En medio de un panorama legislativo complicado, el Gobierno argentino no podrá presentar un nuevo requerimiento de facultades delegadas ante el Congreso. A pesar de que el oficialismo intentó diversas estrategias para impulsar modificaciones en el marco legal del país, las negociaciones con sus aliados no han logrado avanzar debido a varios inconvenientes internos.

Recientemente, la mesa política libertaria se reunió en la Casa Rosada para evaluar acciones a seguir en el Parlamento a partir del 6 de agosto, cuando los legisladores regresen de su receso invernal. Durante dicho encuentro, se estableció que el primer objetivo será avanzar con modificaciones en la Ley de Inocencia Fiscal y en la Carta Orgánica del Banco Central. Sin embargo, también se preparan propuestas que, aunque aún están en etapa de redacción, buscan flexibilizar regulaciones en sectores como farmacéuticas e inmobiliarias.

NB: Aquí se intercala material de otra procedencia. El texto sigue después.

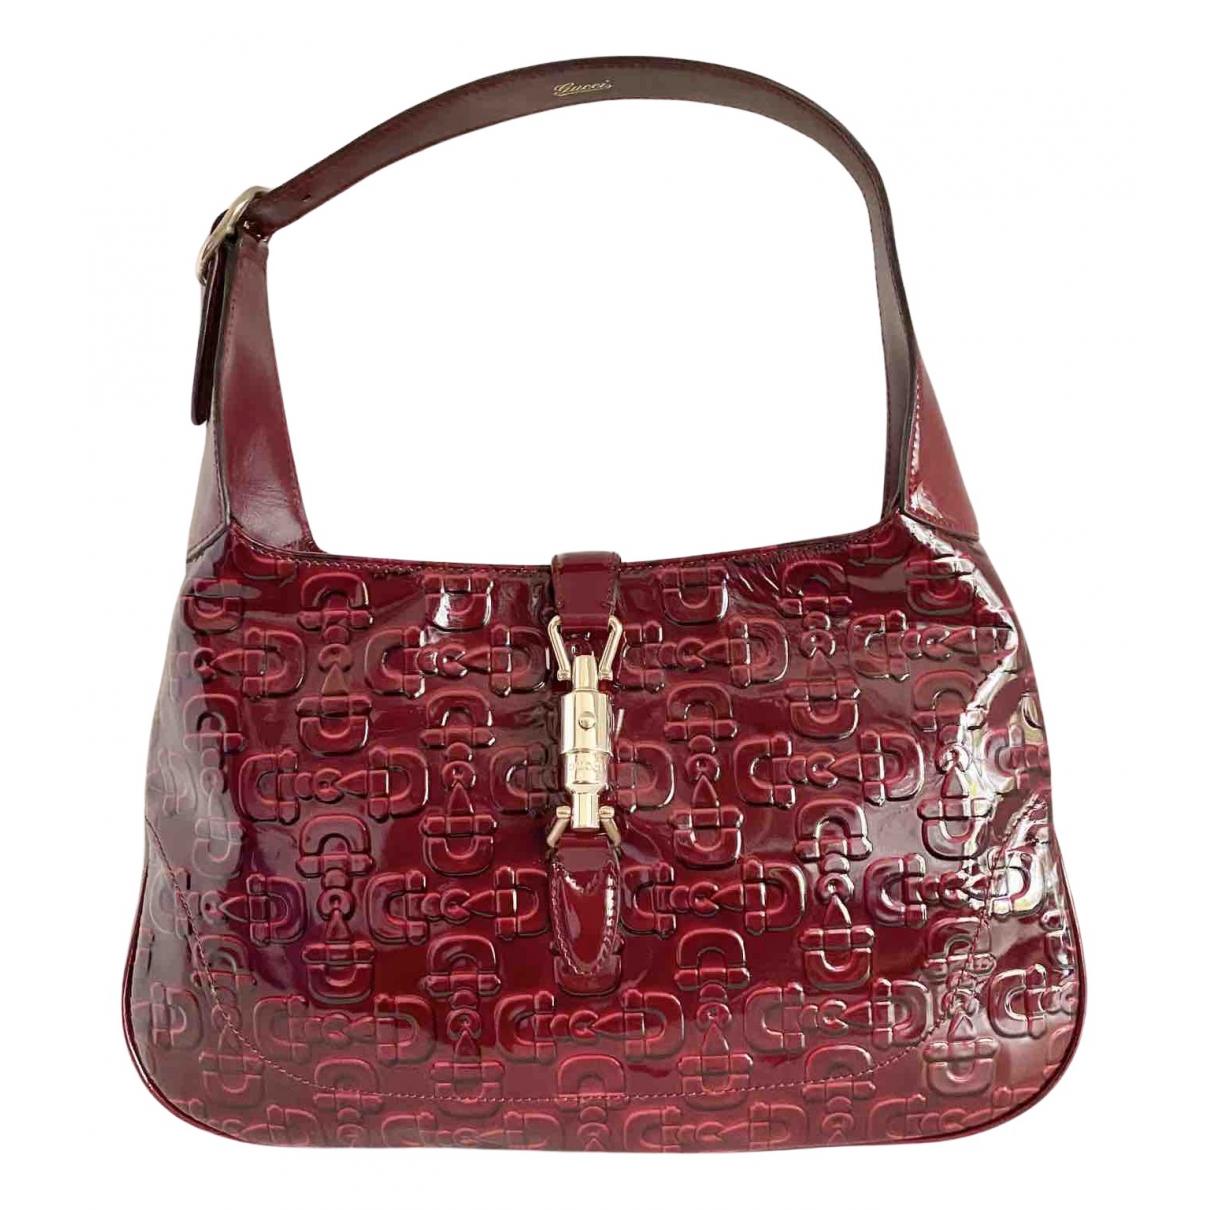 Gucci Jackie Burgundy Patent leather handbag for Women N

Uno de los planteos que generó controversia fue la propuesta de otorgar al Poder Ejecutivo la capacidad de implementar cambios mediante decretos. Esto había sido parte del borrador que circuló recientemente en la Cámara de Diputados y contemplaba declarar la "emergencia pública en materia administrativa" por un período de seis meses. Las pautas del proyecto se orientaban a maximizar la eficiencia de los mercados y promover una libre competencia, aunque las críticas surgieron rápidamente tanto de aliados como de la oposición.

Desde el entorno de Javier Milei se rechazó la idea de nuevamente solicitar poderes extraordinarios, al considerarse que el tiempo transcurrido desde la última concesión hace inviable esta opción. Varios referentes dentro del bloque oficialista manifestaron su desagrado ante la posibilidad de retomar un pedido similar, argumentando que, si bien el Senado ha mostrado resistencia, el Congreso había estado avanzando en otras legislaciones relevantes.

Además, algunos aliados profundizaron el malestar al reconocer que no están dispuestos a conceder poderes delegados a esta altura de la gestión. "A dos años y medio de mandato, no es viable", expresaron, sugiriendo que el gobierno debería buscar alternativas dentro del marco legislativo vigente sin depender de nuevos poderes.

En este contexto, el futuro de la agenda legislativa del Gobierno queda incierto, especialmente en torno a temas clave como la ampliación de la inocencia fiscal. A medida que las tensiones aumentan, se espera que se intensifique el debate interno, sin que aún se vean soluciones concretas que permitan un avance efectivo en las reformas que el oficialismo considera prioritarias.